Curiosissimo personaggio, Edgar Degas è collezionista accanito. È figlio di un banchiere e si trova lui stesso a essere un ricco che lentamente impoverisce e nondimeno continua ad acquistare le opere dei suoi contemporanei e degli artisti suoi predecessori, a tal punto che, quando cambia casa, si dice che ha cambiato indirizzo la collezione Ingres. Scapolo convinto, attratto dalle luci fioche dei teatri, finisce quasi cieco quando dipinge i più commoventi dei suoi pastelli dopo il 1890.

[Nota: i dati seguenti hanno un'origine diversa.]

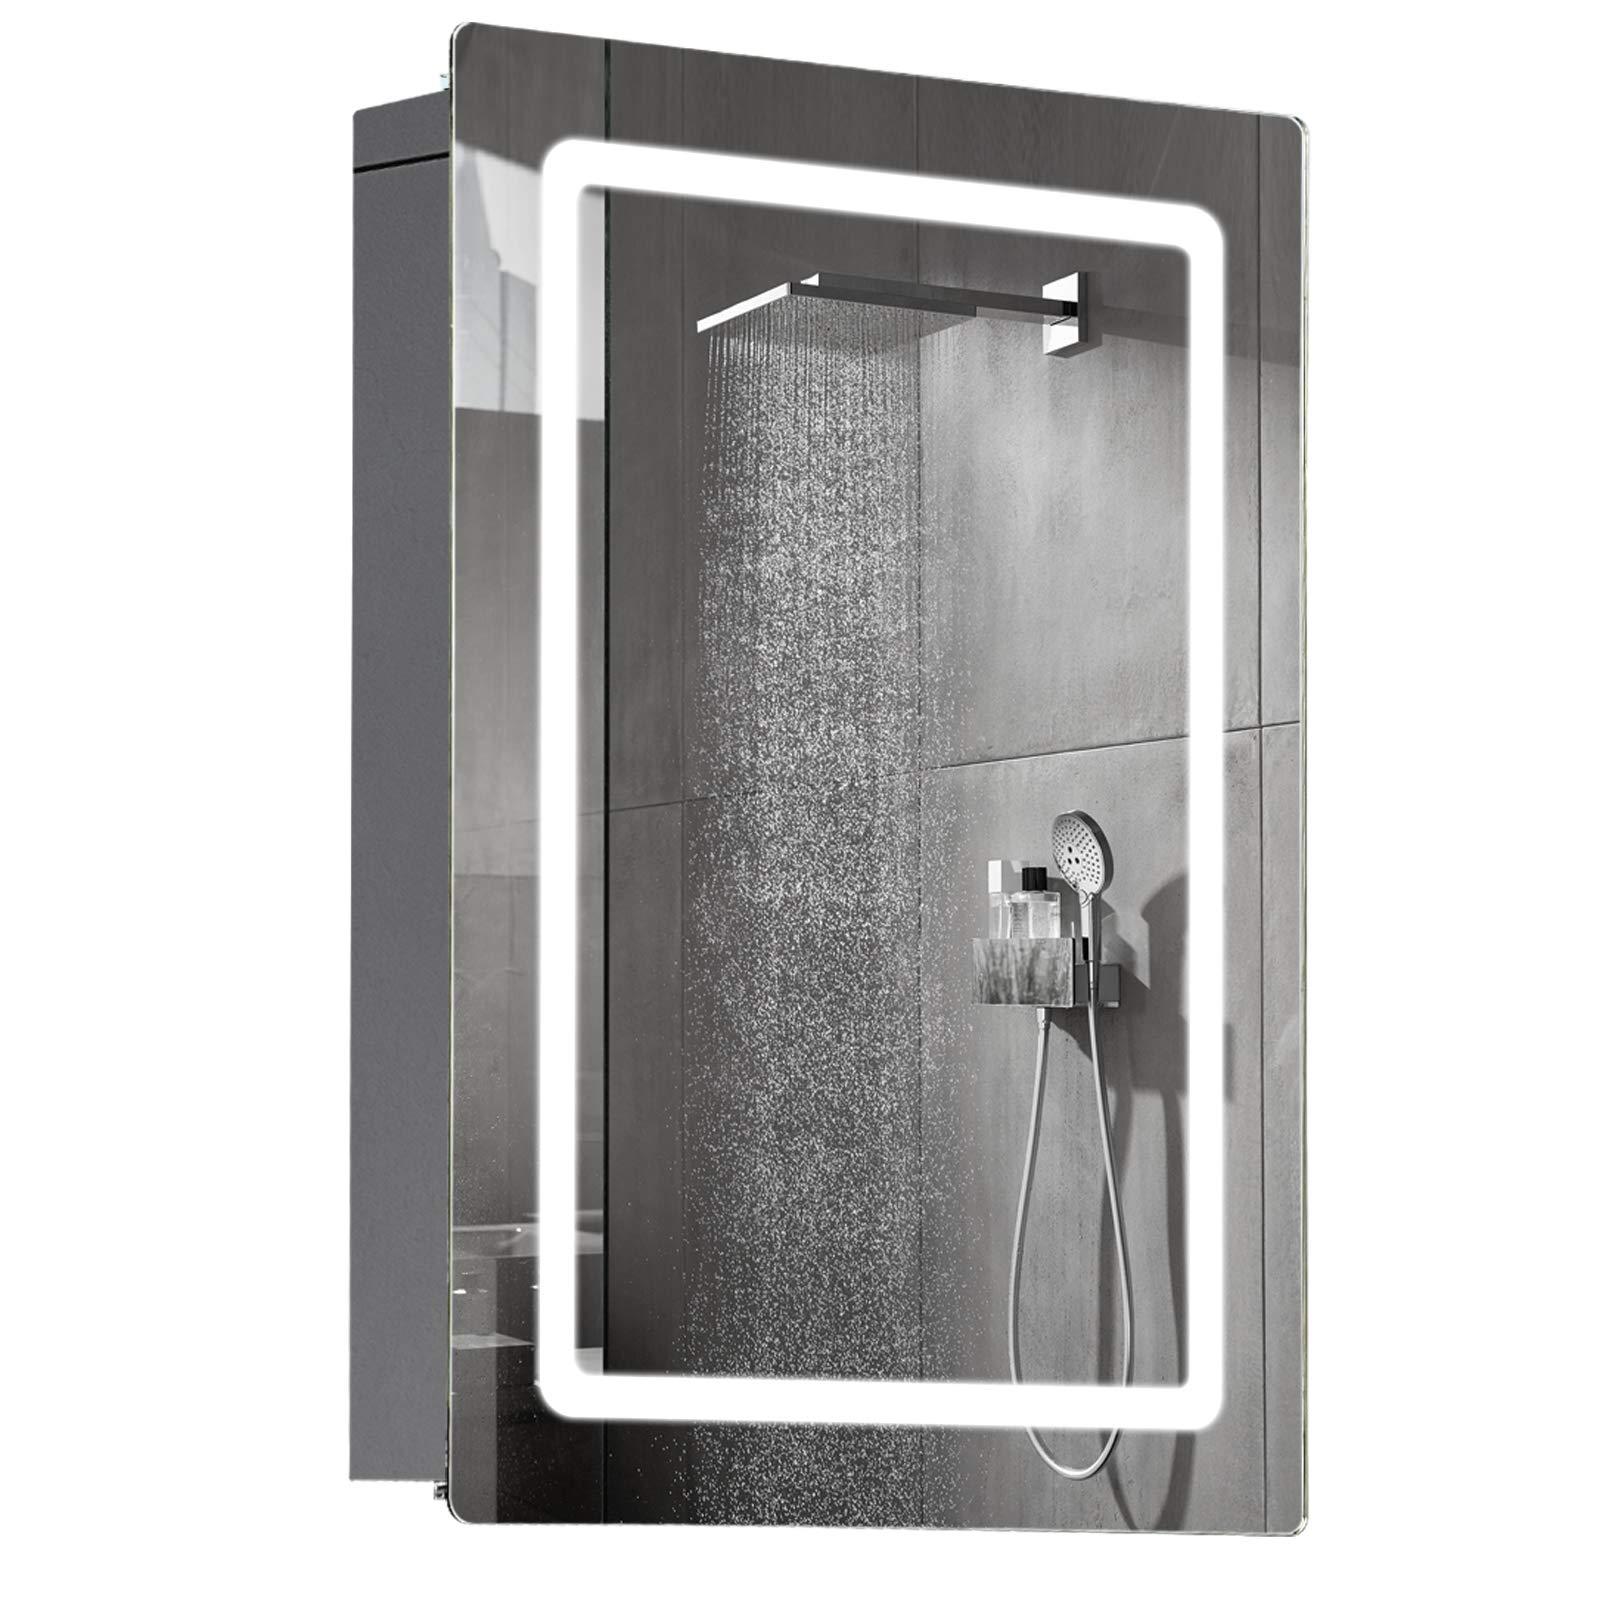 "HOMCOM LED Wall Mount Bathroom Vanity Make Up Mirror w/Defogger - 36"" x 28"""

Alla musica era stato iniziato già in famiglia: nel salotto paterno passavano strumentisti e cantanti. Destinato a studi di diritto, tradisce i desideri paterni per darsi alla pittura, ai viaggi in Italia, alle lunghe sedute di studio nel Museo del Louvre. Partecipa alle prime mostre degli impressionisti ma non ne condivide per nulla la passione per la pittura en plein air; anzi, se serve uscire dagli studi per inventare, va alle corse dei cavalli di Longchamp, che sempre è mondanità parigina allo stato puro. Gira per i teatri della città. E inventa una visione fino ad allora inusitata nelle inquadrature, le quali sembrano già essere quelle del cinema del secolo successivo in quanto si discostano totalmente dal perbenismo equilibrato delle inquadrature fotografiche della sua epoca. Il suo punto di vista è quello del voyeur in senso positivo: guarda e riproduce l’istante della situazione osservata con la precisione della propria visuale personale. Cosa comprensibile, tra l’altro, visto che la fotografia non può ancora essere istantanea e chiede tempi di posa che inibiscono ogni ipotesi di movimento dei soggetti. Degas è l’inventore dell’istantanea dipinta. È mosso da una curiosità da reporter nell’ambito del suo mondo concluso: se fa un unico viaggio importante fuori Europa, in quella “Nouvelle Orléans” dalla quale proviene sua madre, ne scatta immagini immediate come quelle che prende dal palco dell’Opéra a Parigi o meglio ancora quelle che sembra sorprendere ponendo l’occhio in una scuola di ballo. Eccolo quindi passare, quando la vista si indebolisce, alla velocità del pastello. Del ritratto di Dihau prende gli appunti col disegno, poi compone l’opera e vi piazza amici e conoscenti, compreso il ritratto del compositore Emmanuel Chabrier che rappresenta come flautista talmente integrato nella composizione da far passare il suo strumento sotto il naso di Dihau. Lavora con dovizia, inventa la situazione e la restituisce come se fosse vera, come se l’avesse vista da una poltrona di prima fila, dalla quale sbircia.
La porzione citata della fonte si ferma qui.